We’re also assuming that we’ve got an unbiased sample, too. That’s not true, thanks to the file-drawer effect: studies that reach statistical significance are a lot more likely to be published than those that don’t. Since any researcher publishing a new effect would be expected to hit statistical significance, this ensures the scientific record starts off skewed, making it tougher for the law of large numbers to hammer flat.

We know the core assumptions of frequentism are false. We know the arguments in favor of it are garbage. So why do we keep using it?

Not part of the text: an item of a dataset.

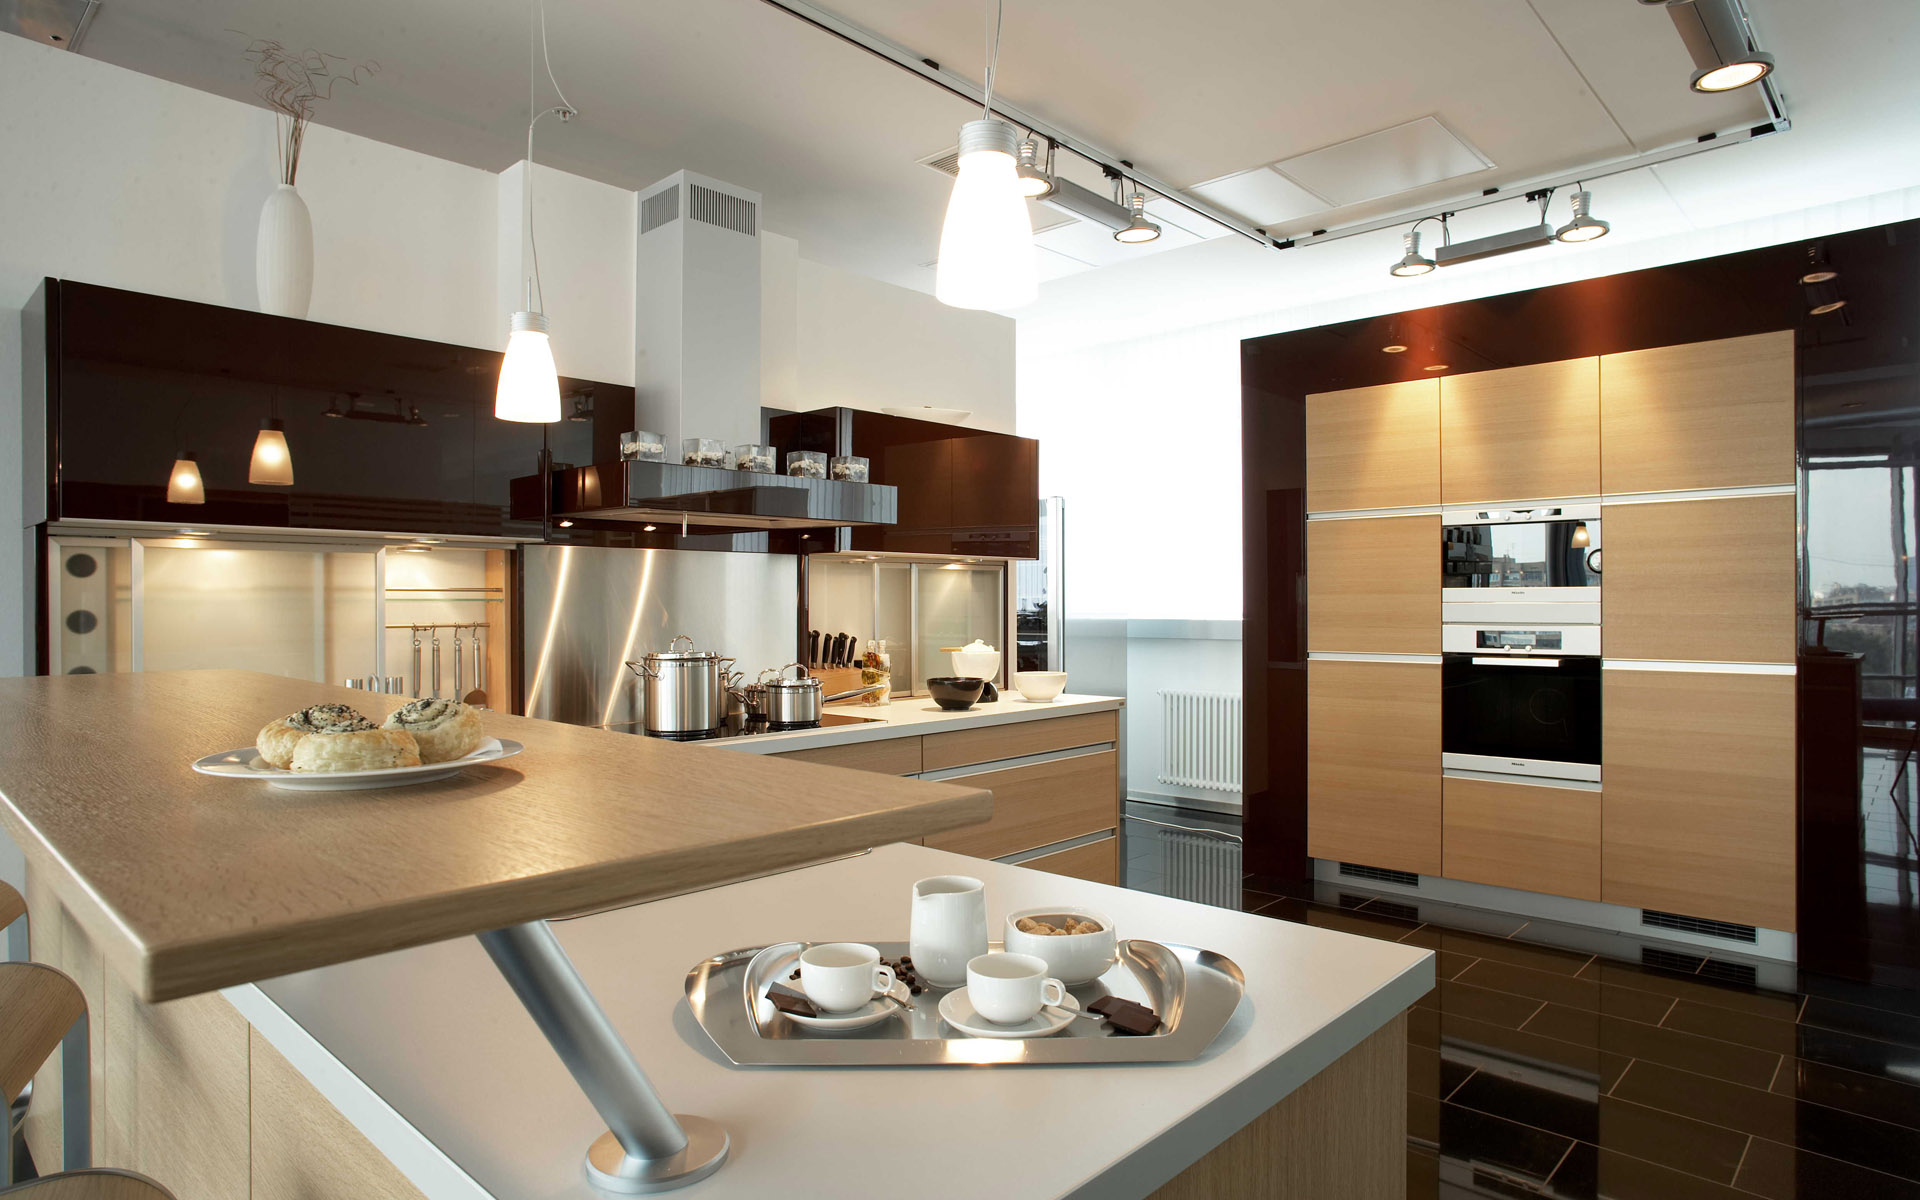 kabinet dapur moden dengan unsur kayu menjadikan ruang dapur lebih menyerlah
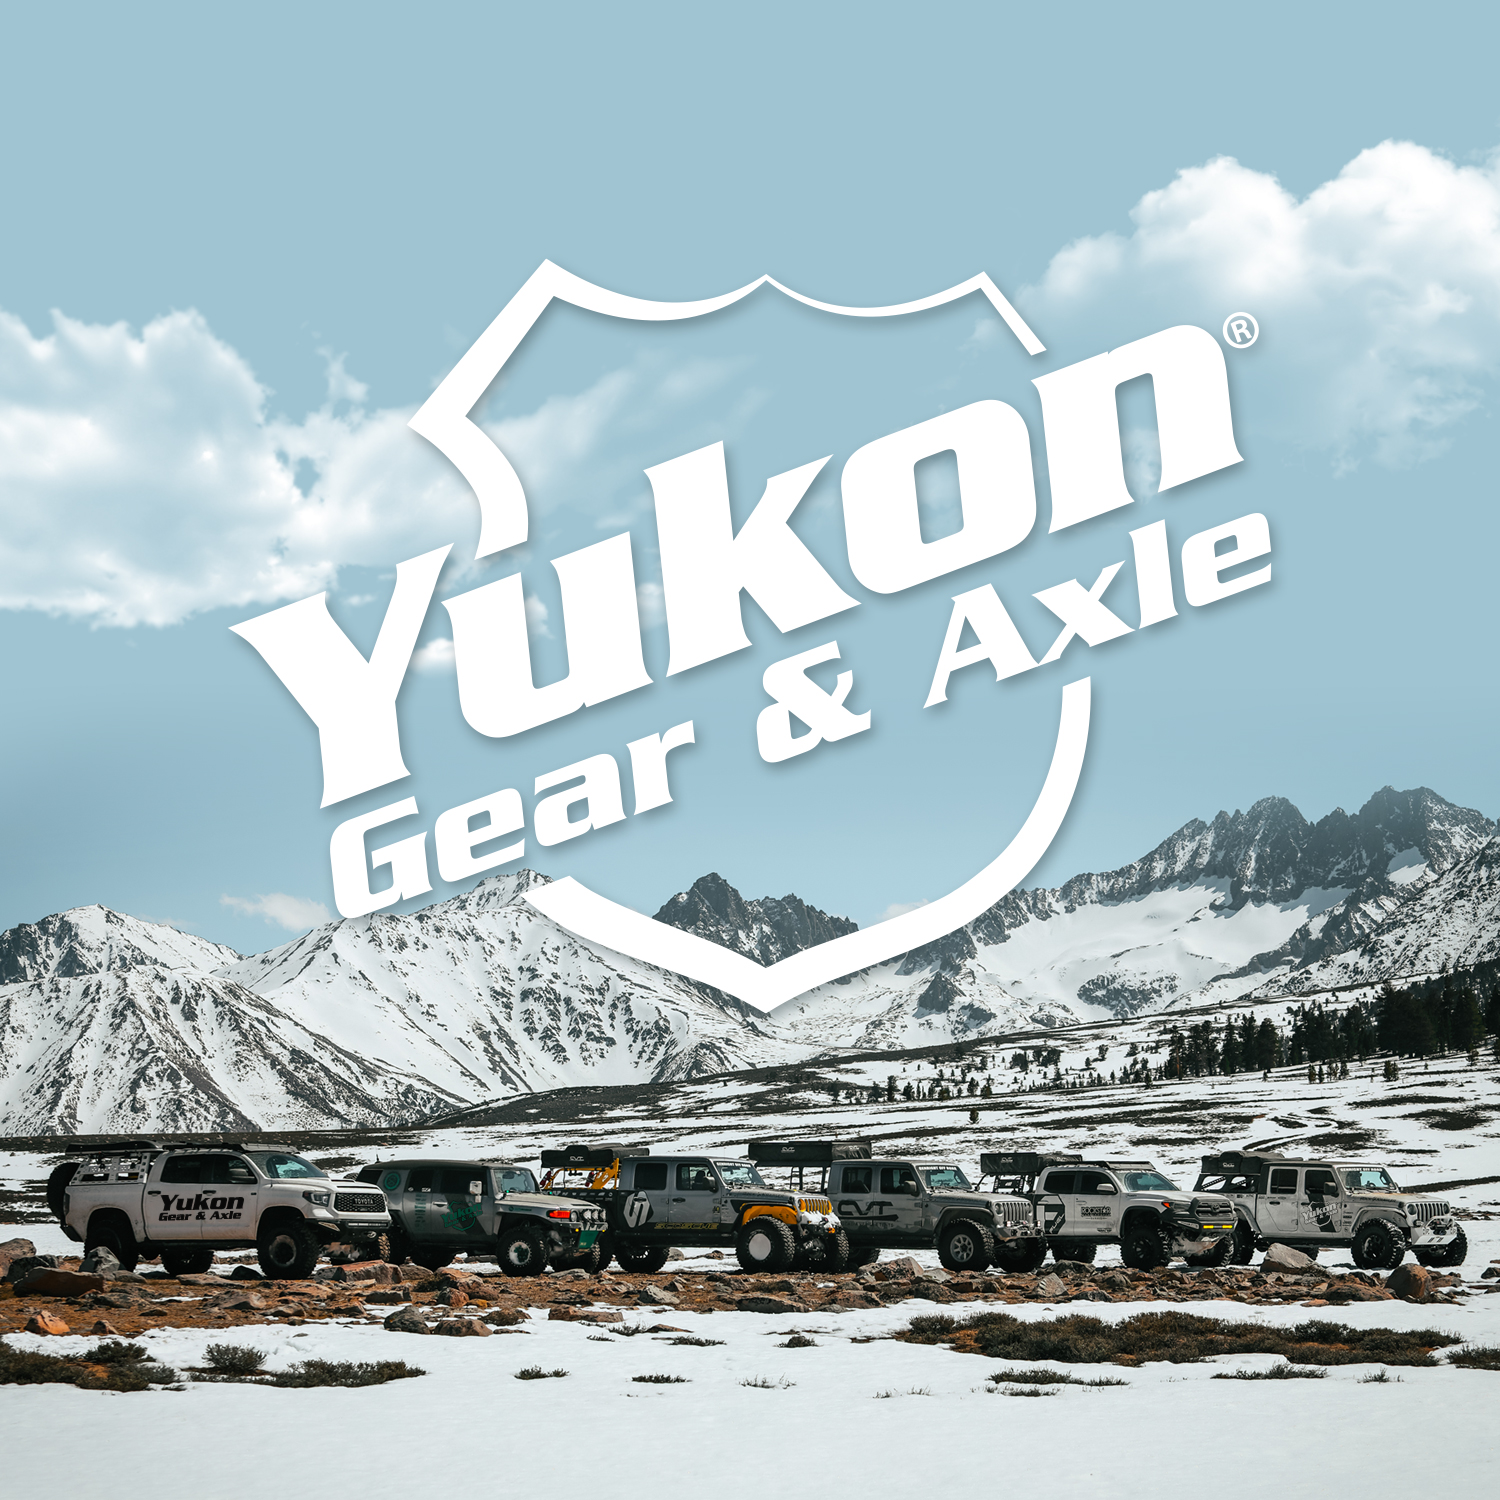 Yukon ring & pinion set, Toyota 8", high pinion in reverse, w/yoke kit, 4.11

[HJH 2018-06-08] Whoops, I just noticed I screwed up my programming code. I assumed I was getting a standard deviation, when I was actually getting the variance! Fortunately the random number generator defaults to a standard deviation of one, and I saw no reason to change it, so the variance and standard deviation are nearly identical. if you compare the old code to the new, you’ll see that the confidence intervals ever-so-sightly tightened up, theoretically making my argument even stronger. Practically, I can’t see a difference between the old and new graphs, so I’m leaving the old ones in place.